**DATA SHOWN:**
- - -

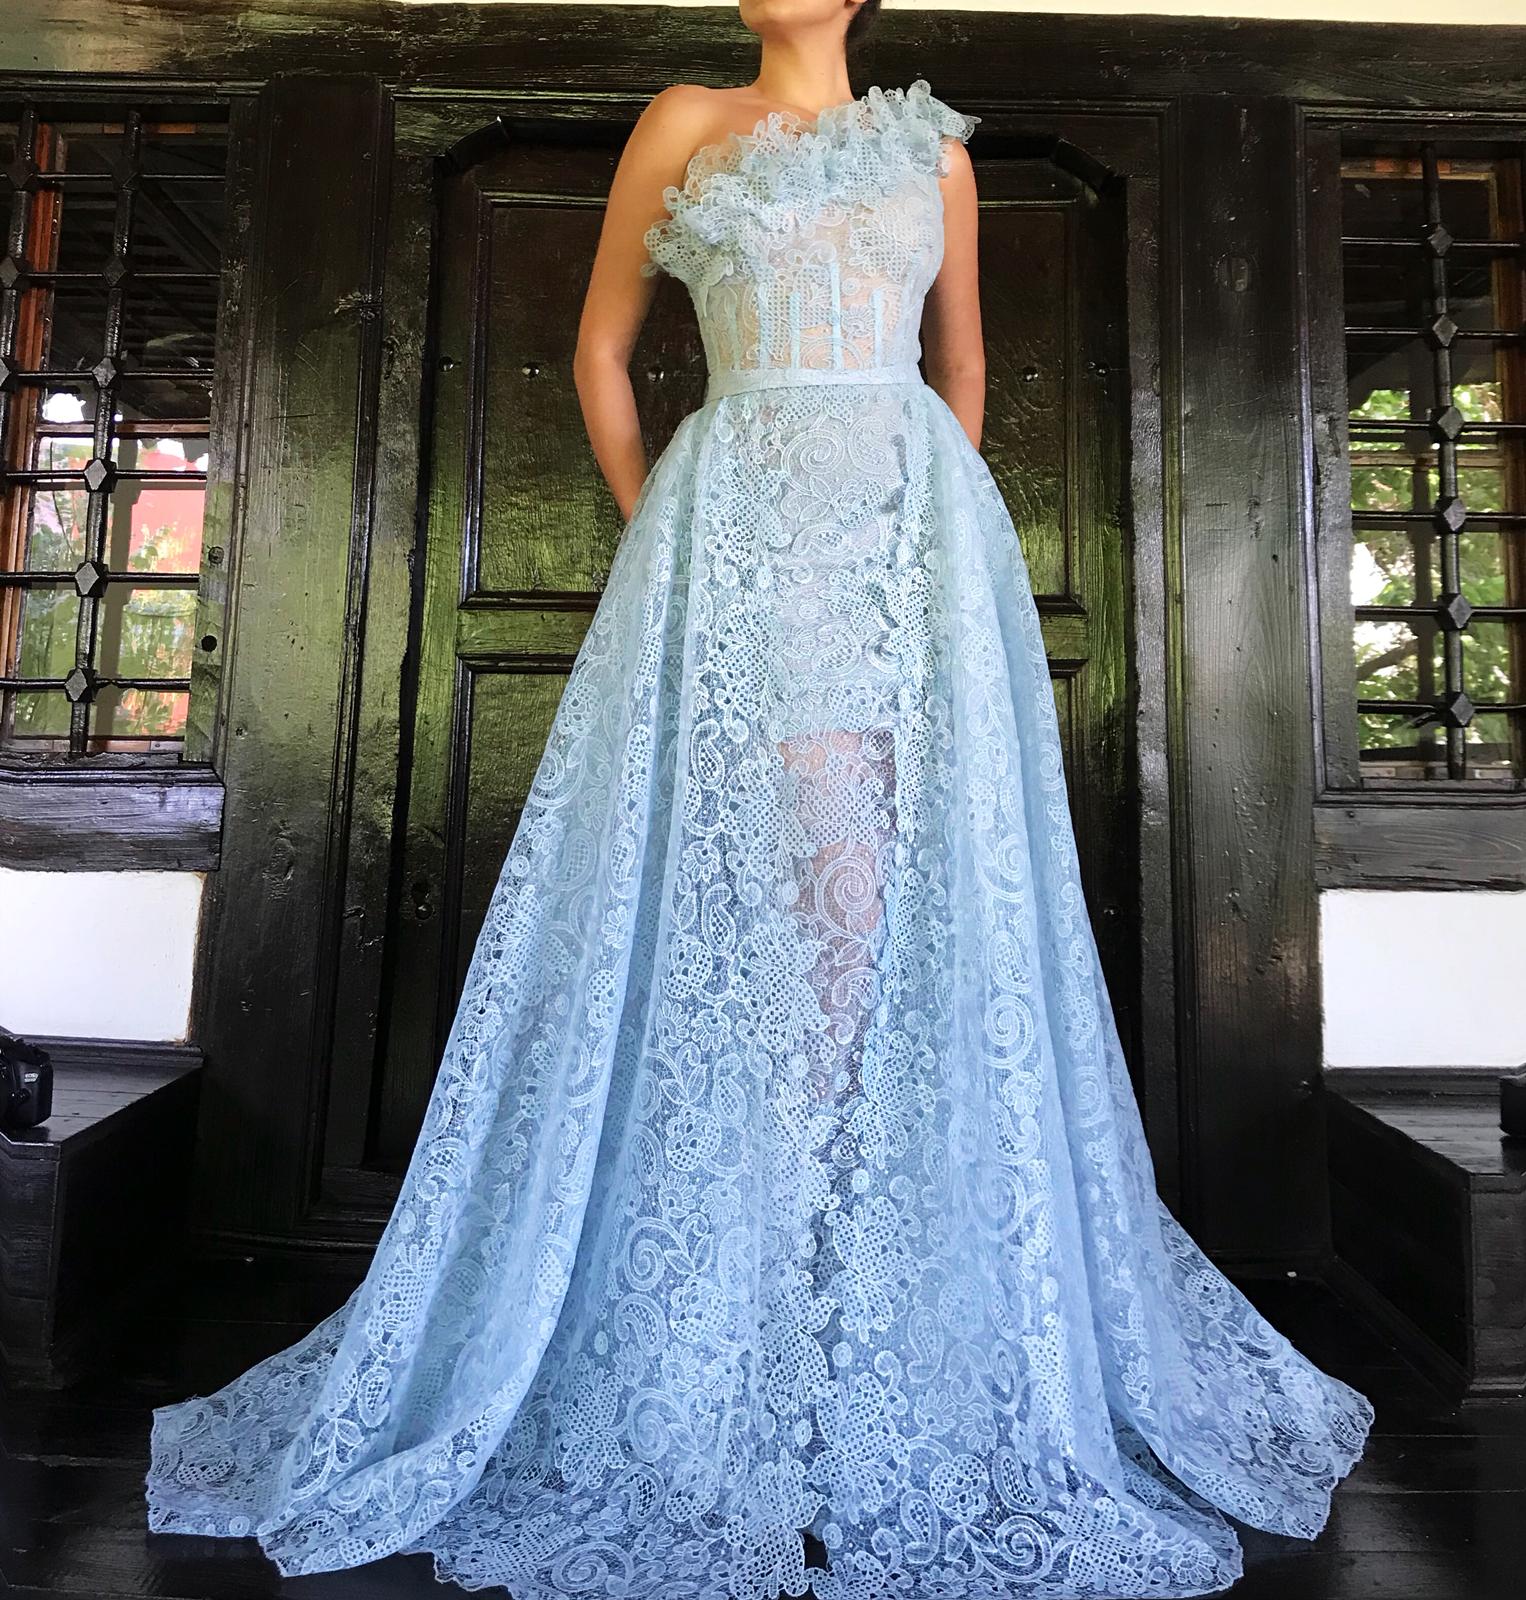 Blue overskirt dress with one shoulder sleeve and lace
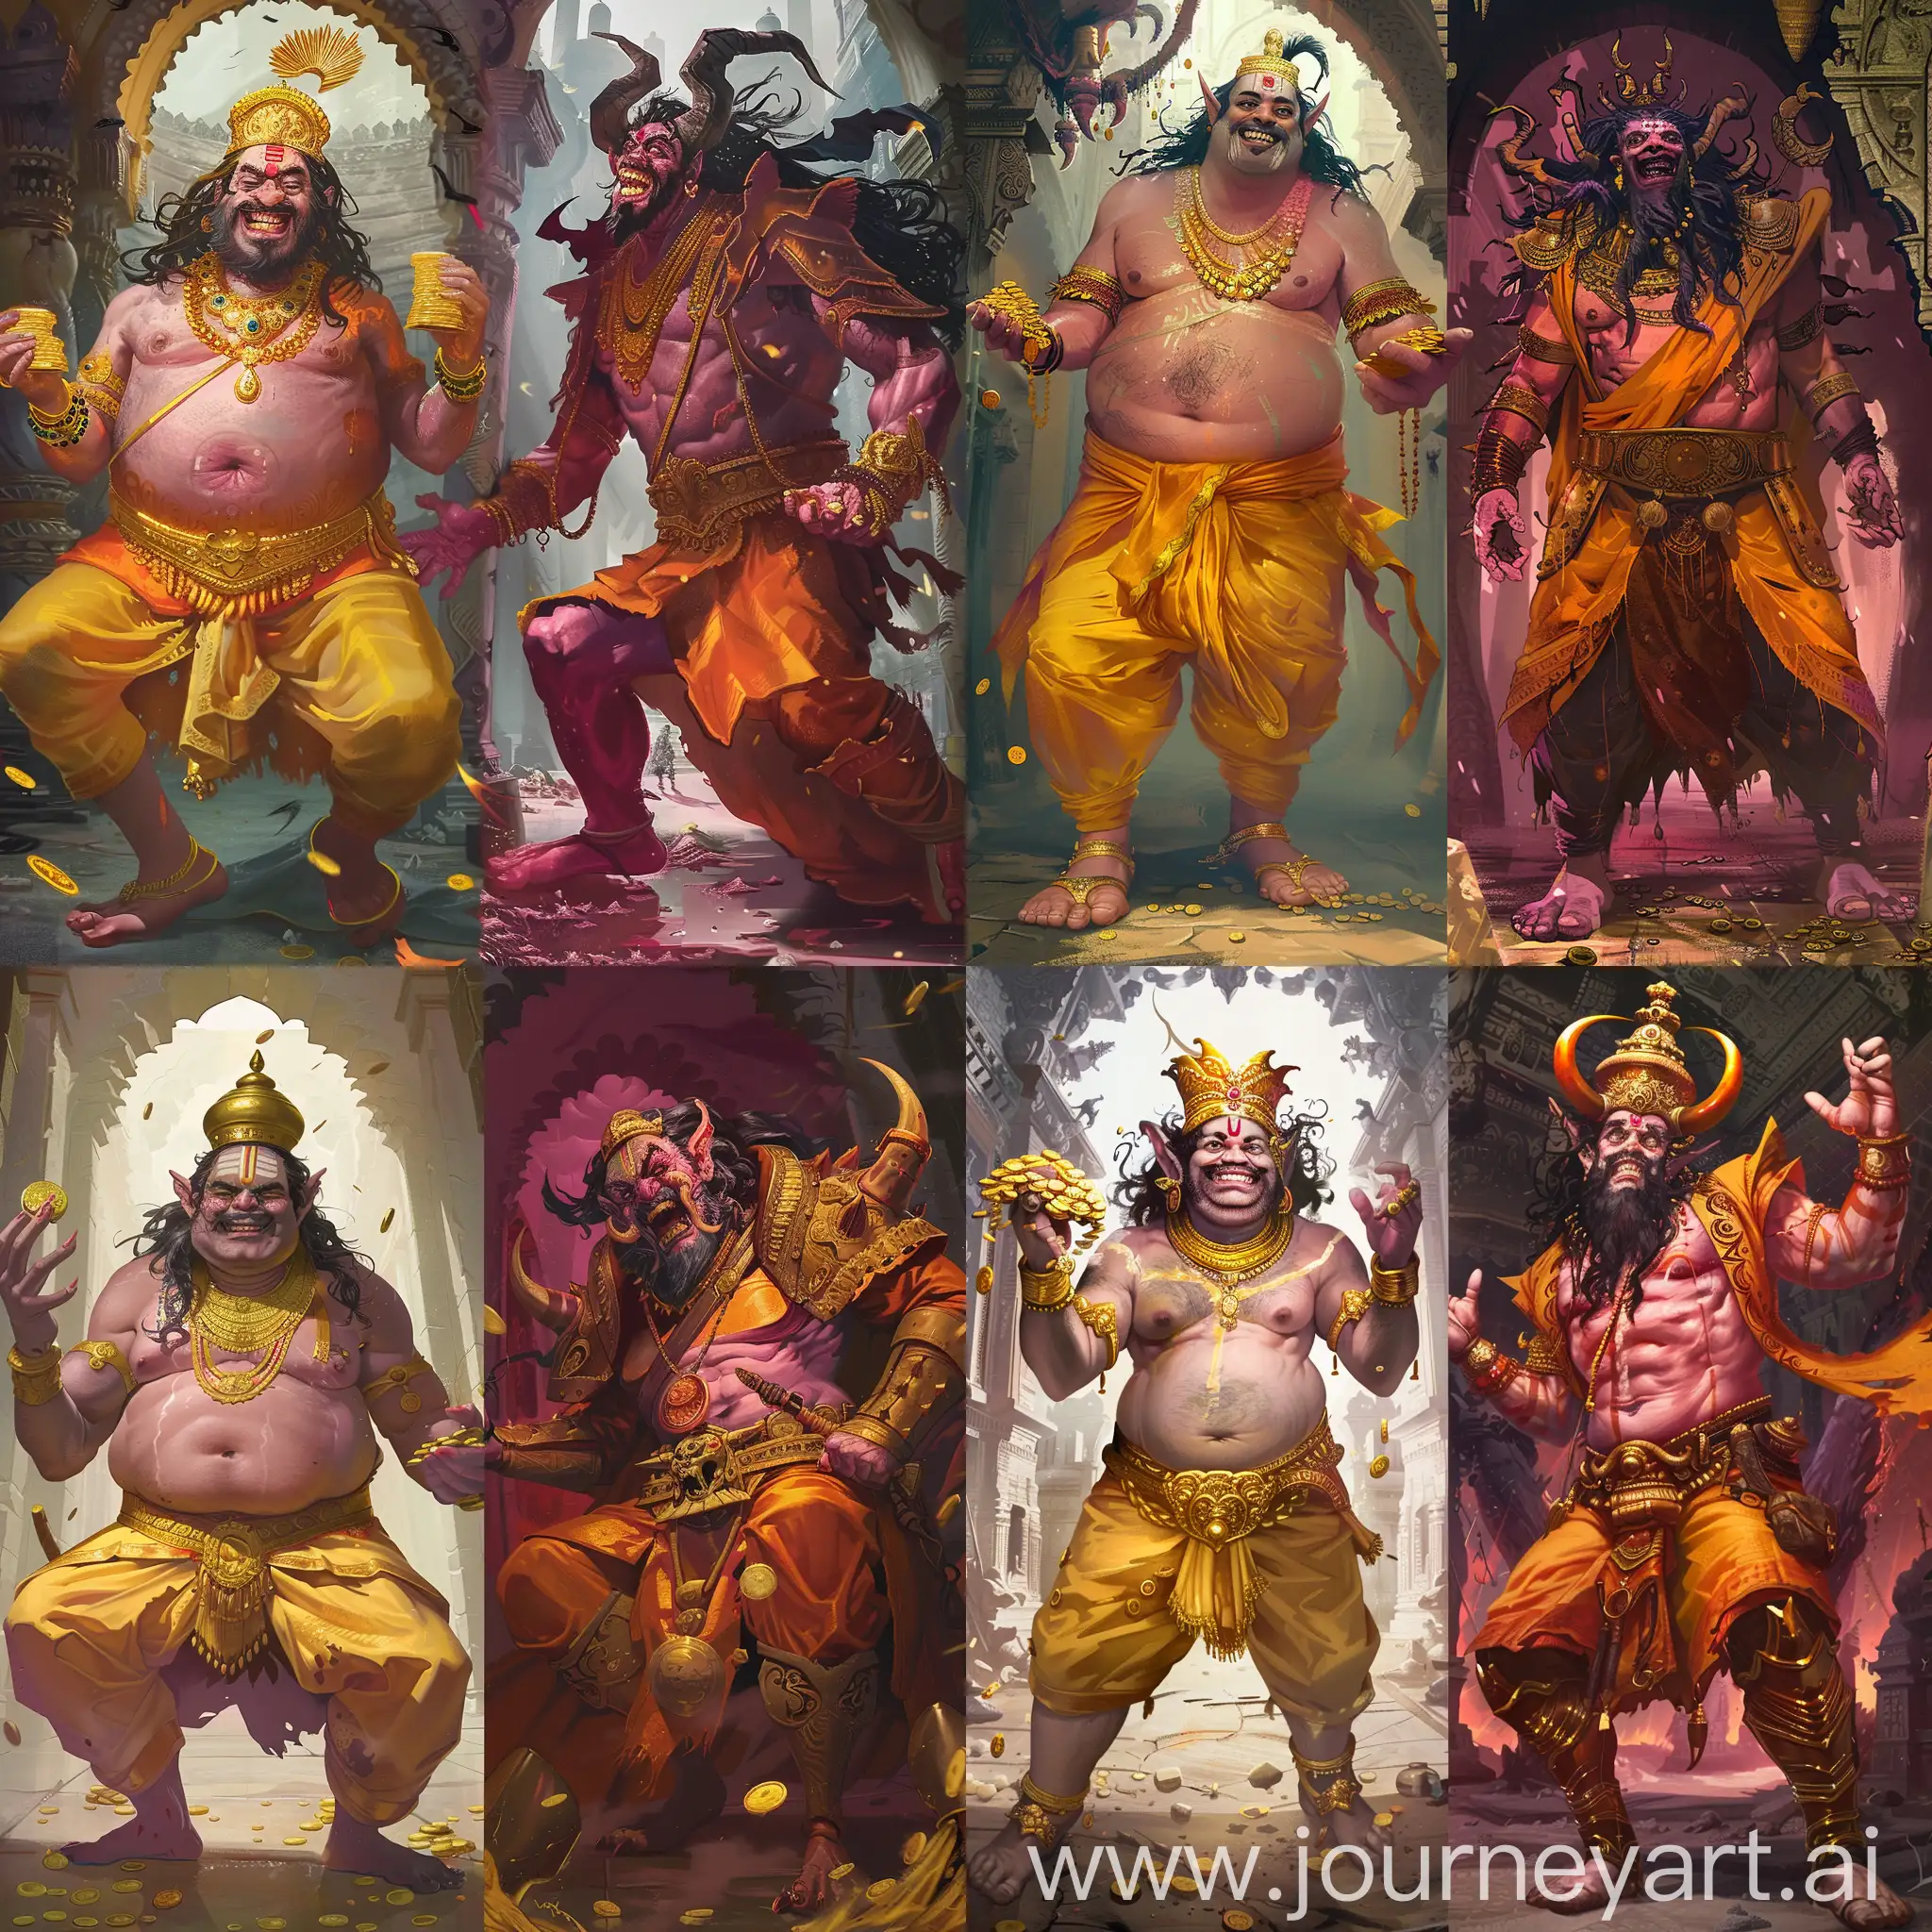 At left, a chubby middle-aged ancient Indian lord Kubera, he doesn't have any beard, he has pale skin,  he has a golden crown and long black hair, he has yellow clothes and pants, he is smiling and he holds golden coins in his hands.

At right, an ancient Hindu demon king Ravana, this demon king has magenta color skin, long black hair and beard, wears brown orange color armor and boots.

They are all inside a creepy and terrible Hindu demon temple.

- - -

**PROMPT:** Identify and extract each line of the listing that contains "demon".

**ANSWER SECTION:**
At right, an ancient Hindu demon king Ravana, this demon king has magenta color skin, long black hair and beard, wears brown orange color armor and boots.
They are all inside a creepy and terrible Hindu demon temple.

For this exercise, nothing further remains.